Research study after research study indicates that one of the most deleterious effects of caregiving is that it isolates.  The other burdens of caregiving – sleep deprivation, the staggering workload, the constant worry you feel for your loved one – are often significantly mitigated if one has a caring community.  It isn’t just because people are more likely to help if they have insight into your daily life, though there is that.  It is because if you have community you know you’re not alone.  And those little bits of human contact, as the TED talk shows, are lifelines.

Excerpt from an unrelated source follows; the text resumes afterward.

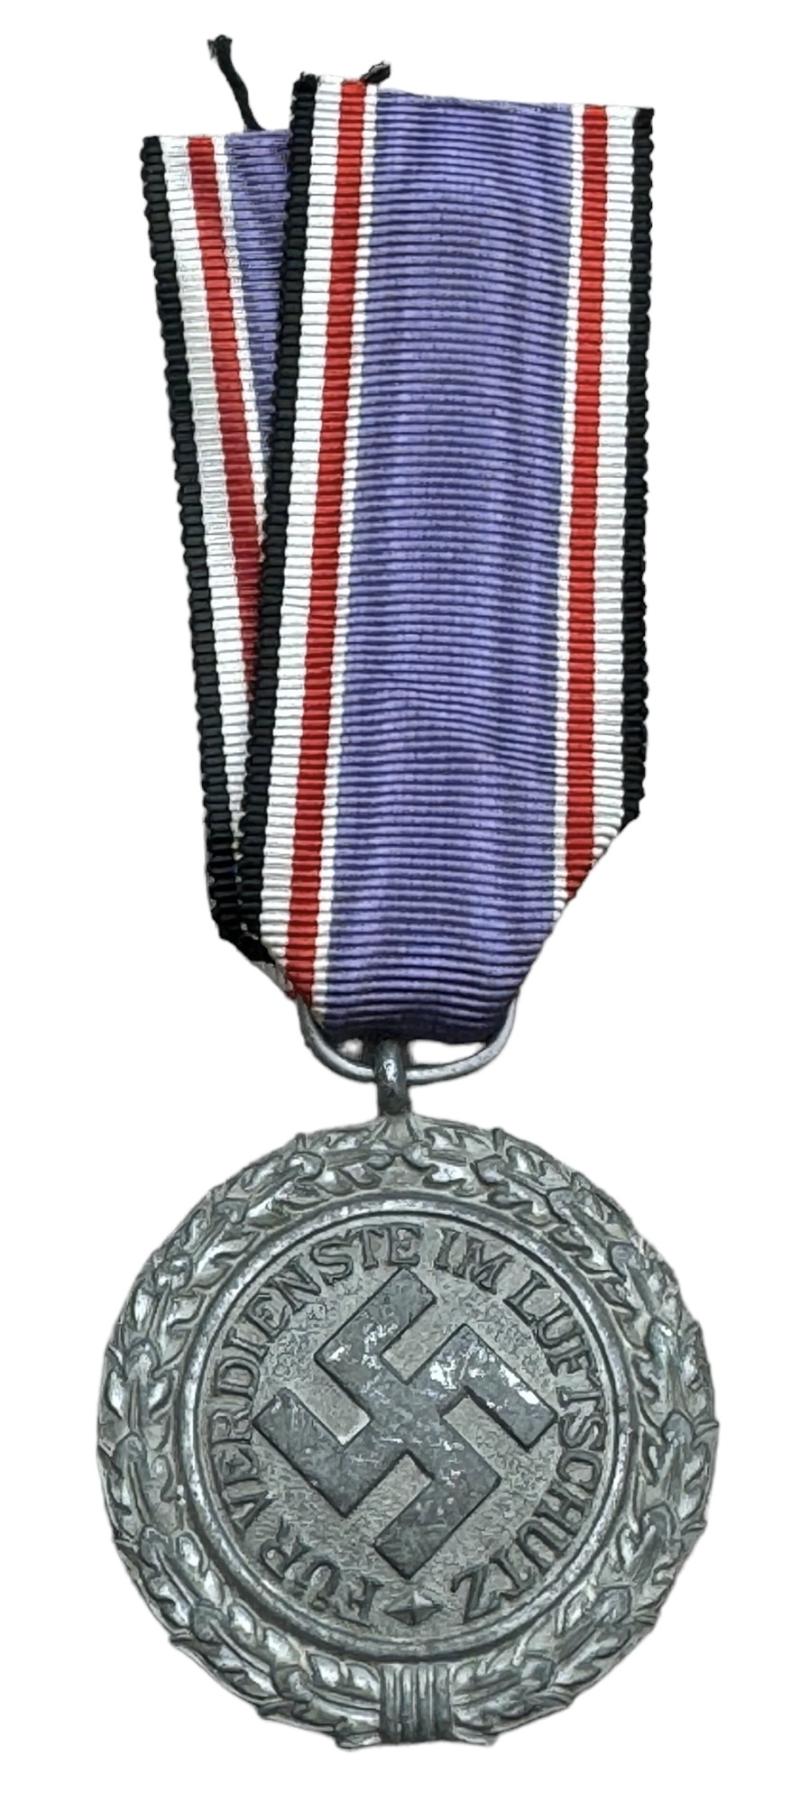 Luftschutz Medal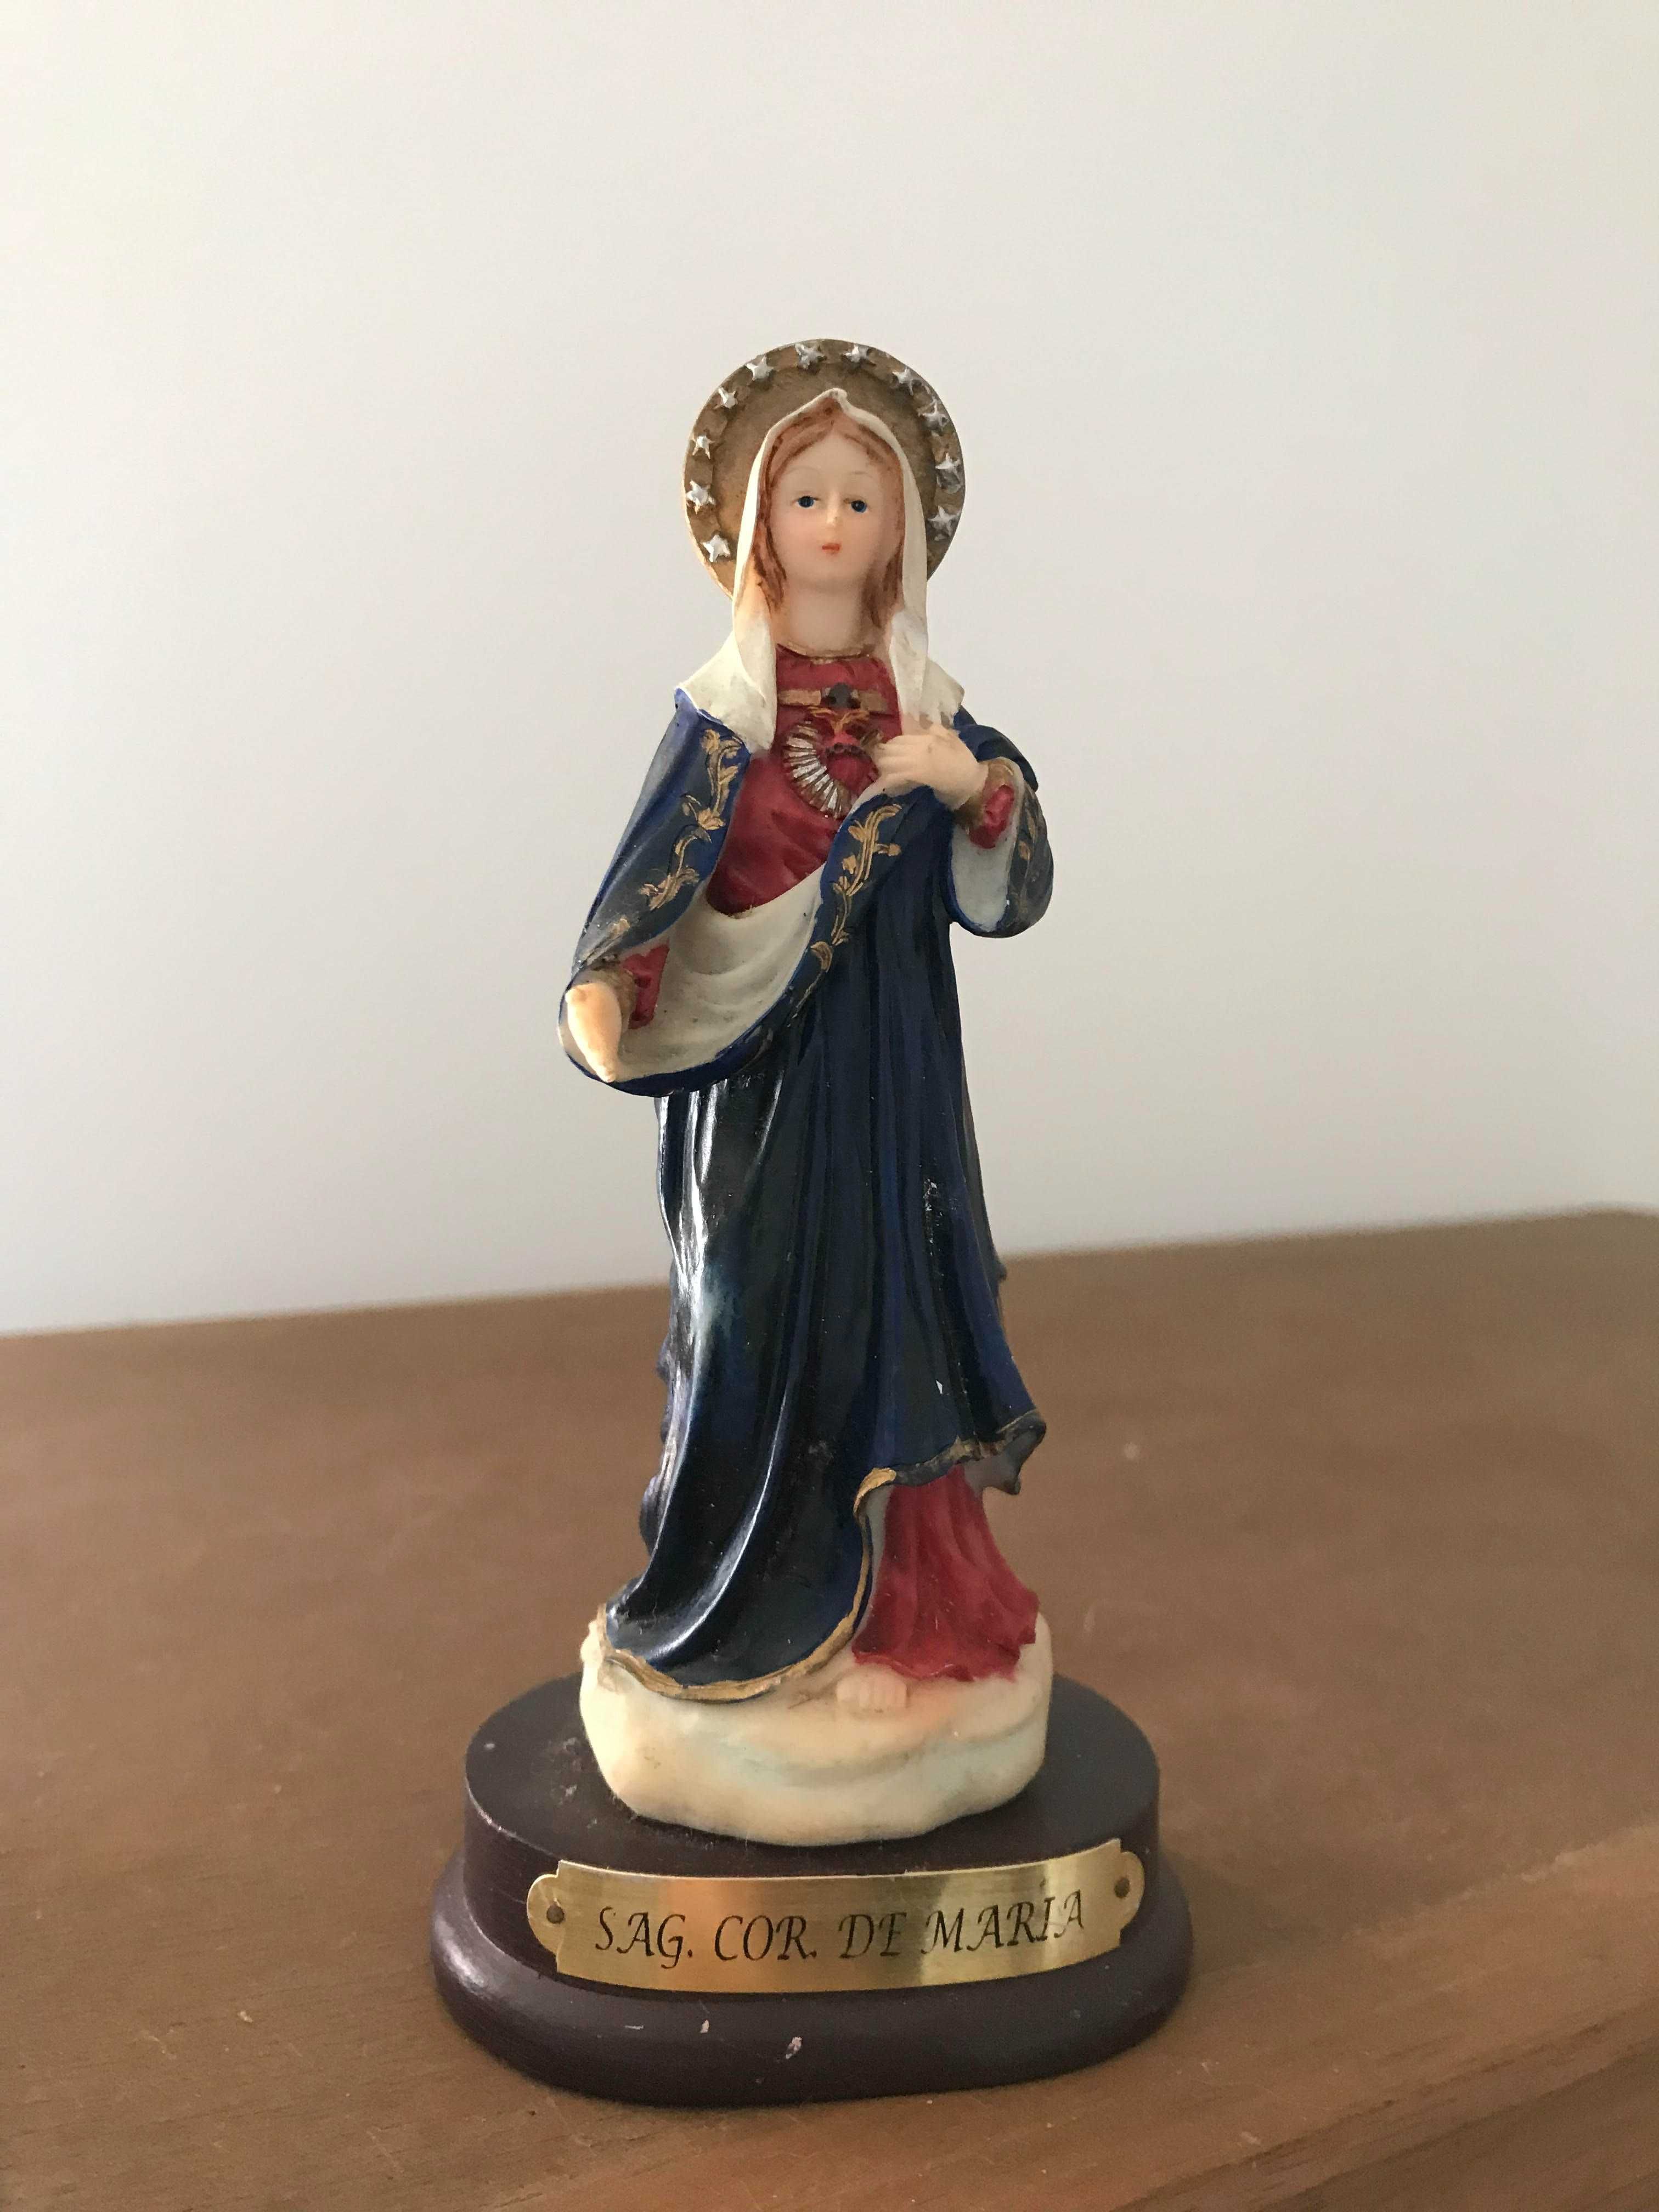 Religioso - Imagem do Sagrado Coração de Maria

Yesterday during a meeting I attended the idea of intentional community emerged.  Intentional community is exactly what it sounds like.  It is the notion that one creates community in a deliberate manner – either for themselves, or for someone they care about.  It was noted that often people expect community to “just happen” – which is a huge problem when you are an isolated caregiver.  Community often doesn’t “just happen”.  Which means that one needs to actively try to create community.  Historically things like attending church often nurtured community.  But these days less so.  And finding the time and energy to create a knitting club, or a book club, or a coffee gathering is hard.  Particularly if you’re swamped with caregiving duties.

 

So if you want to help a caregiver reach out to them.  Invite them to activities. Call them. Drop by with muffins.  And when they don’t have the time to accept your invitation call them again.  Send an email.  Ask them about their day.  It is okay that you can’t help with their caregiving duties.  It’s cool that you don’t know the front end of a feeding tube from the back end.  What matters is that you’re their friend and that you reach out.  And perhaps even more important, you keep the option of their reaching out to you always available.

Being a friend can be hard work. And it matters.  More than we thought perhaps.